You can already visit http://localhost:5000


Loading Example Dataset

The original dataset was published by Ogura et al. (2019) [1].
The only changes made were the conversion from XLSX to CSV and the filtering out of all molecules with invalid valences.

In [5]:
df = pd.read_csv('datasets/example_dataset_hERG.csv', names=['smi', 'act'], header=0)
print(len(df))
df.head(2)
190464
Out[5]:
smi act
0 CCOC(=O)C1CCN(CC1)C(C)C(=O)c2c(C)[nH]c3cc(C)ccc23 1
1 COc1ccc(NC(=O)N2CCC3(CCN(C)CC3)CC2)cc1F 1
In [6]:
df.act.value_counts()
Out[6]:
0    184044
1      6420
Name: act, dtype: int64

=> Very unbalanced dataset

Perform Undersampling Based on MolWt and LogP

In [7]:
def data_from_smi(smi):
    mol = Chem.MolFromSmiles(smi)
    mw_logp = Descriptors.MolWt(mol) / 100 * Crippen.MolLogP(mol)
    return mol, mw_logp
In [8]:
if OS == 'Windows':
    res = np.array(list(map(data_from_smi, df.smi)))
else:
    with Pool(num_cores) as p:
        res = np.array(p.map(data_from_smi, df.smi))
df['ROMol'], df['mw_logp'] = res[:, 0], res[:, 1]
df.sort_values('mw_logp', inplace=True)
In [9]:
act0 = df.query('act == 0').reset_index(drop=True)
ix = np.linspace(0, len(act0) - 1, num=len(df) - len(act0), dtype=np.int32)
df = pd.concat([df.query('act == 1'), act0.loc[ix]])
df.act.value_counts()
Out[9]:
1    6420
0    6420
Name: act, dtype: int64

Calculating Morgan Fingerprints (FCFP6)

In [10]:
def mol_to_FCFP6(mol):
    fp = Chem.GetMorganFingerprintAsBitVect(mol, radius=3, nBits=2048, useFeatures=True)
    ar = np.empty(2048, dtype=np.uint8)
    ConvertToNumpyArray(fp, ar)
    return ar
In [11]:
x_data = np.array(list(map(mol_to_FCFP6, df.ROMol)))
x_data.shape
Out[11]:
(12840, 2048)

Split Into Training and Test Datasets

In [12]:
y_data = np.array(df.act)
x_train, x_test, y_train, y_test = train_test_split(x_data, y_data,
                                                    test_size=0.1,
                                                    stratify=y_data,
                                                    random_state=random_seed,
                                                    shuffle=True)
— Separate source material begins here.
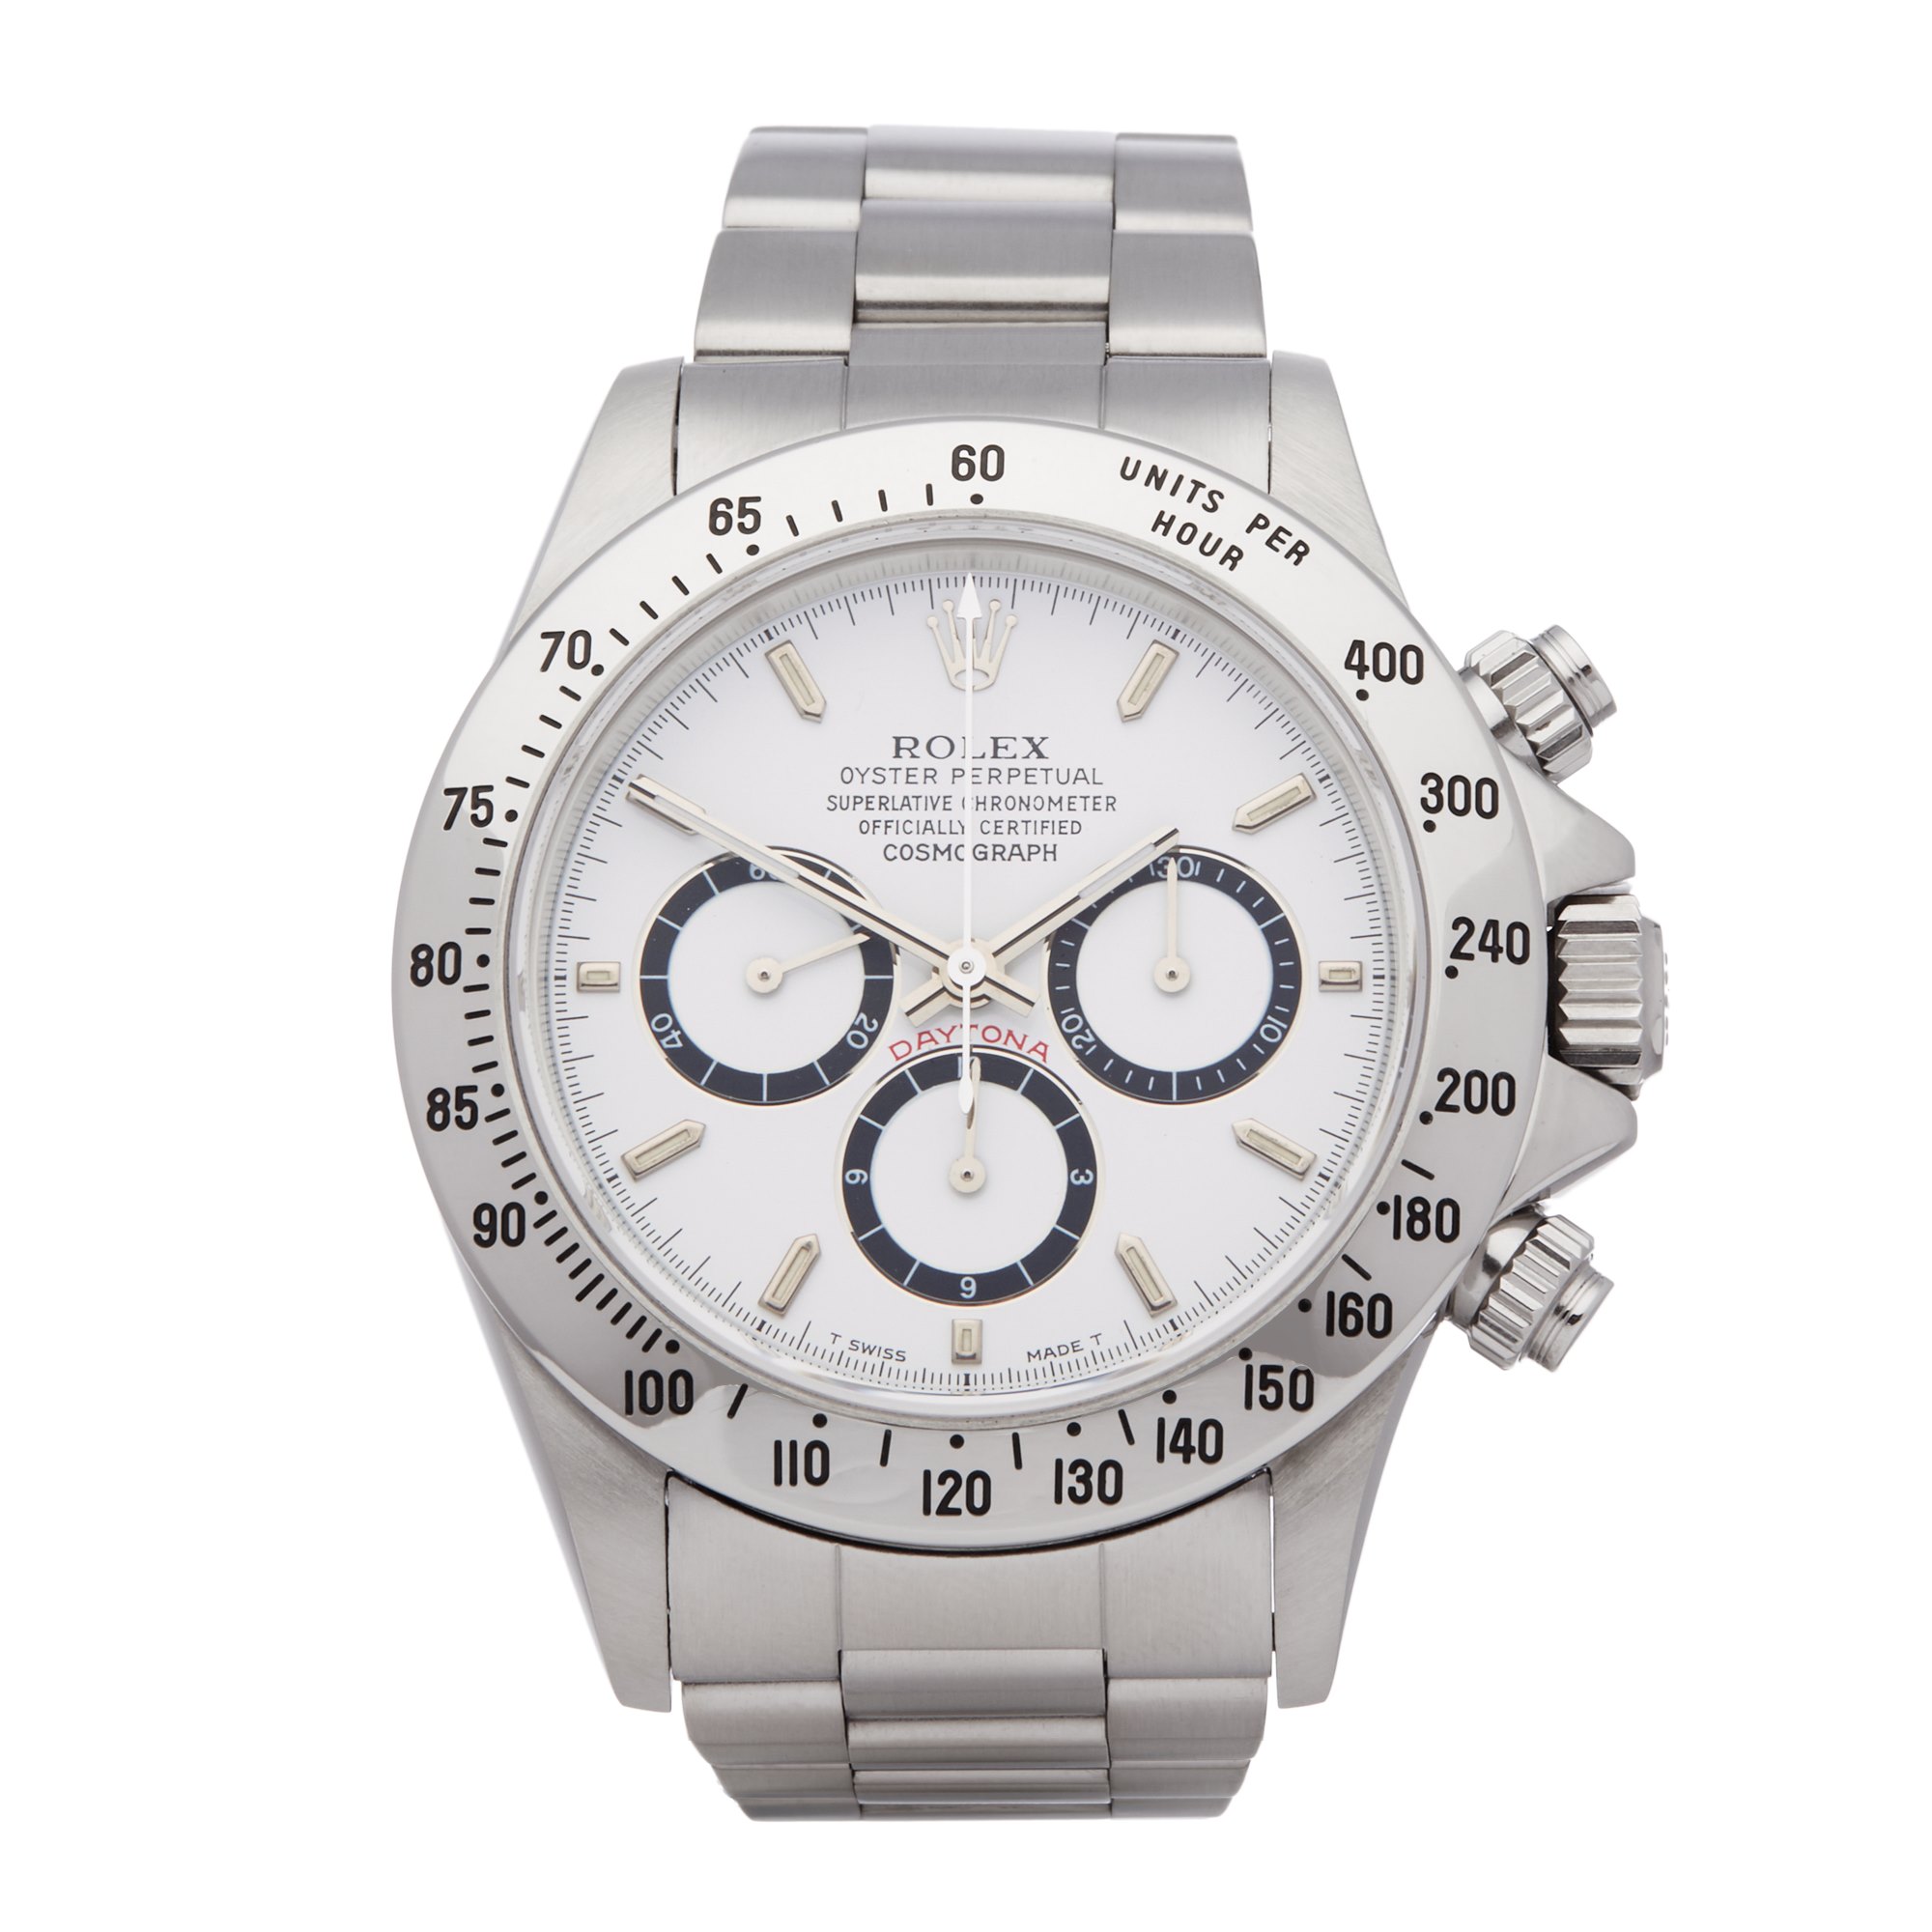 Pre-owned Rolex Watch Daytona 16520 
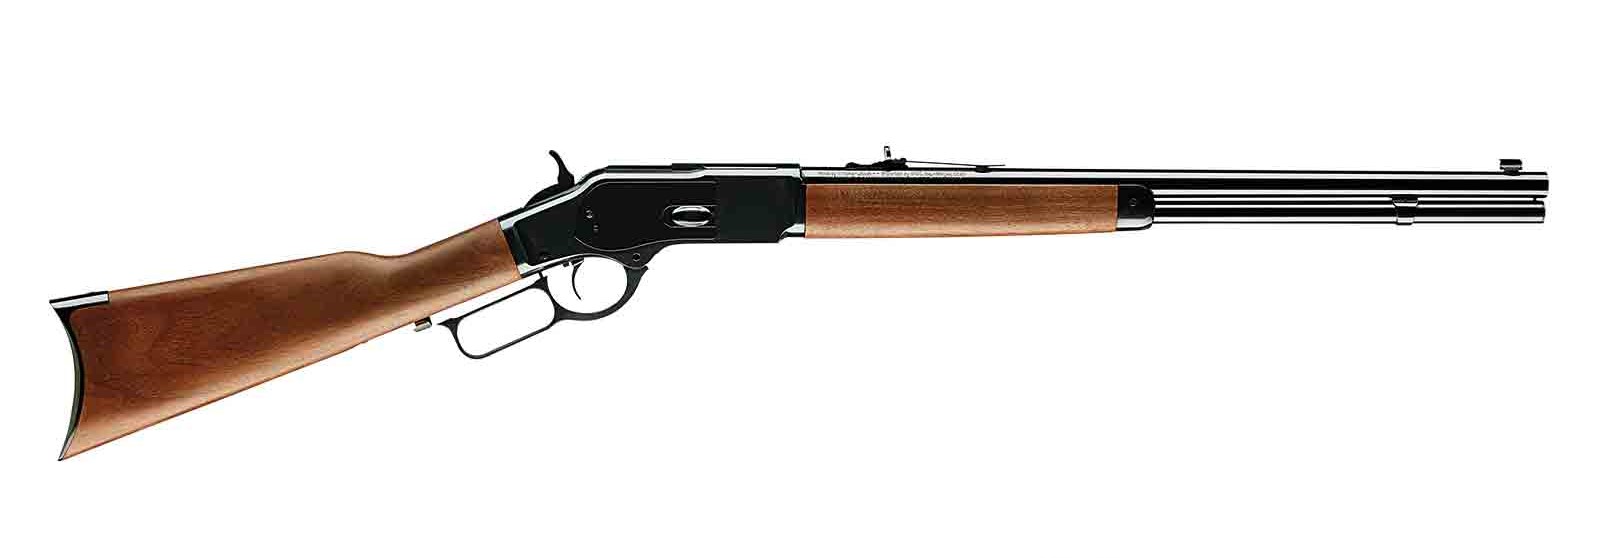 Winchester M73 Unterhebelrepetierbüchse Kaliber .357Mag

Optimize models with Optuna and Track Results with MLflow

In [13]:
# Activate autologging for Scikit-learn
mlflow.sklearn.autolog()

Scikit-Learn Random Forest (with auto logging)

If you want to avoid having duplicated parameter sets you need to uncomment the commented code lines

In [14]:
# seen_param = []

def rf_obj(trial):
    param = {
        'n_estimators': trial.suggest_int('n_estimators', 50, 1000, step=50),
        'max_depth':    trial.suggest_int('max_depth', 1, 20),
        'criterion':    trial.suggest_categorical('criterion', ['gini', 'entropy']),
        'max_features': trial.suggest_categorical('max_features', ['auto', 'sqrt', 'log2', None]),
        'random_state': random_seed,
        'n_jobs':       num_cores,
    }
    # if param in seen_param:
    #     raise optuna.exceptions.TrialPruned()
    # else:
    #     seen_param.append(param)
    metrics = {}
    model = RandomForestClassifier(**param)
    with mlflow.start_run():
        model.fit(x_train, y_train)
        metrics['test_kappa'] = cohen_kappa_score(y_test, model.predict(x_test))
        metrics['training_kappa'] = cohen_kappa_score(y_train, model.predict(x_train))
        mlflow.log_metrics(metrics)
    return metrics['test_kappa']
In [15]:
# Creates a new MLflow experiment and set it as active
mlflow.set_experiment('hERG Random Forest')

# Creates a new Optuna study for maximizing an outcome
study = optuna.create_study(direction='maximize')

# MLflow currently uses scikit-learn functions for metric calculation that were deprecated with version 1.0
with warnings.catch_warnings():
    warnings.simplefilter('ignore')
    # Optimize the objective function
    study.optimize(rf_obj, n_trials=100)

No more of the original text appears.